(TASK OBJECTIVE): For the records that follow, please set down exactly the lines between the one holding "Midcentury Modern Design" and the one holding "Tom Still discusses", inclusive, and only those.

(DATA SECTION):
※ ※ ※

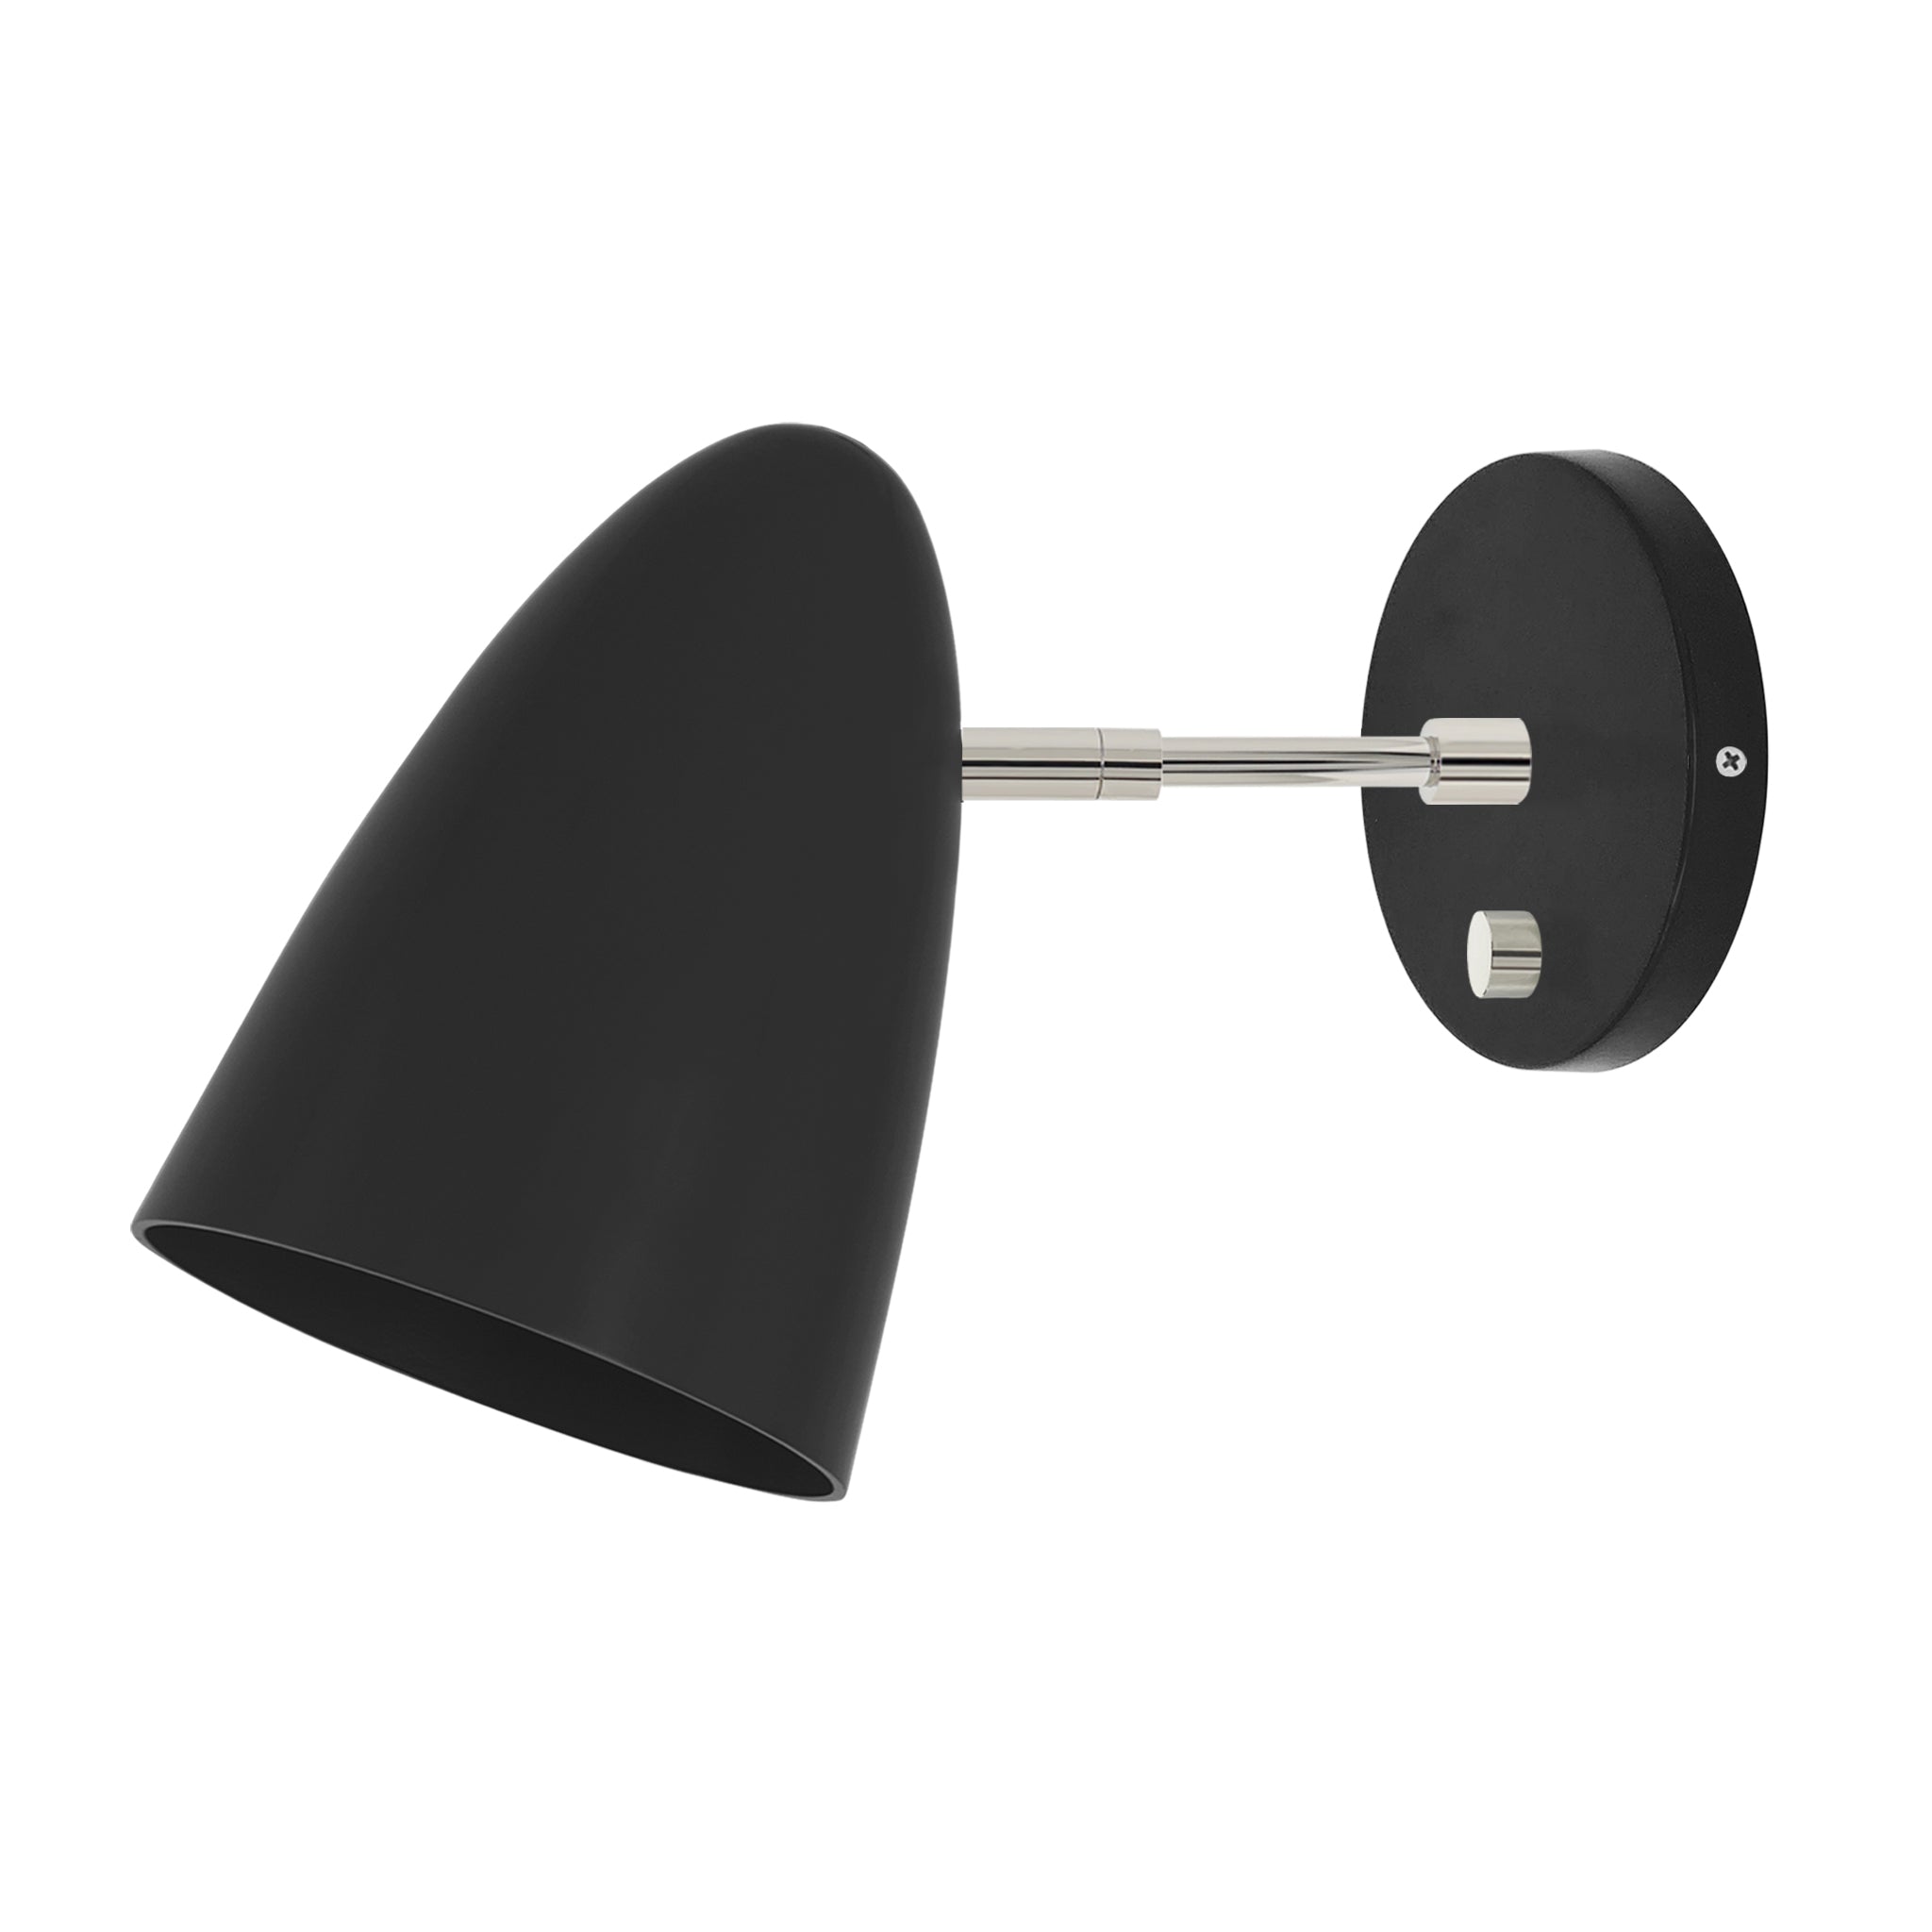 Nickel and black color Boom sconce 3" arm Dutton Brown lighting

※ ※ ※

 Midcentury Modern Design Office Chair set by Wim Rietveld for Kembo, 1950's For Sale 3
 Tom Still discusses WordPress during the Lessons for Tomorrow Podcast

※ ※ ※

(TASK SOLUTION):
 Midcentury Modern Design Office Chair set by Wim Rietveld for Kembo, 1950's For Sale 3
 Tom Still discusses WordPress during the Lessons for Tomorrow Podcast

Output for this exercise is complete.